What does it mean to have, say, French ancestry? For one, the Franks (a German people!) did not conquer the territory we now call France until the 5th century CE. Before that, it was Roman-dominated Gaul, meaning that the people there were mostly Celtic and Mediterranean. As for the Celts, “they” had only “been there” for the preceeding thousand years, with their culture spreading into that area between 750-450 BC, reaching the time of the Mayan civilization, the Roman Republic, Confucius, the Buddha, Socrates, and even Heroditus, who is considered the “father of history.”
Before the bronze age we have the neolithic period, covering 5,000-2,000 BC, the mesolithic before that going back to 14,000 years ago (the time of the Younger Dryas, or the last years of the Ice Age.)
Following that, the upper paleolithic period (formerly called Cro-Magnon) stretches back about 30,000 years, which is when Homo sapiens and Neanderthals interacted and comingled. Think about how much migration and change can happen in 30,000 years. Now think about this in the context of anatomically modern Homo sapiens being at least 200,000 years old.

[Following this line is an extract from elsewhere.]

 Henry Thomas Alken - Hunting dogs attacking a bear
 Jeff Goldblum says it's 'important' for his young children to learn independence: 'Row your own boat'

This is why when you break down Ancestry and 23andMe results, you get answers like “broadly European” and “broadly African” and so on and so on. These results are almost meaningless when you try to imagine what “European” even means over the stretch of a fifth of a million years.
So, knowing what we know now about white skin and blue eyes only stretching back 10,000 years at the most, you don’t have to go that far back in time before you start picturing prehistoric Europe as looking a lot more like this:
Now I’m not saying you should be saying something as simple as “ancient Europeans were African.” No, they lived in what we now call Europe; whatever they looked like they were European. They certainly had ancestry stretching back to Africa, but it only takes one generation to change the answer to “where do you come from?”
That’s exactly my point: a geography certainly impacts phenotype over generations, but considering that we are such a dramatically migratory and nomadic species with a rich and fluid history, it’s foolish to try to tie who you are now to an ancestry that is as amorphous as an ocean.
“After all, it is precisely studies such as these that show that our ancestors all immigrated at one time or another, that we are all a big genetic mixture.”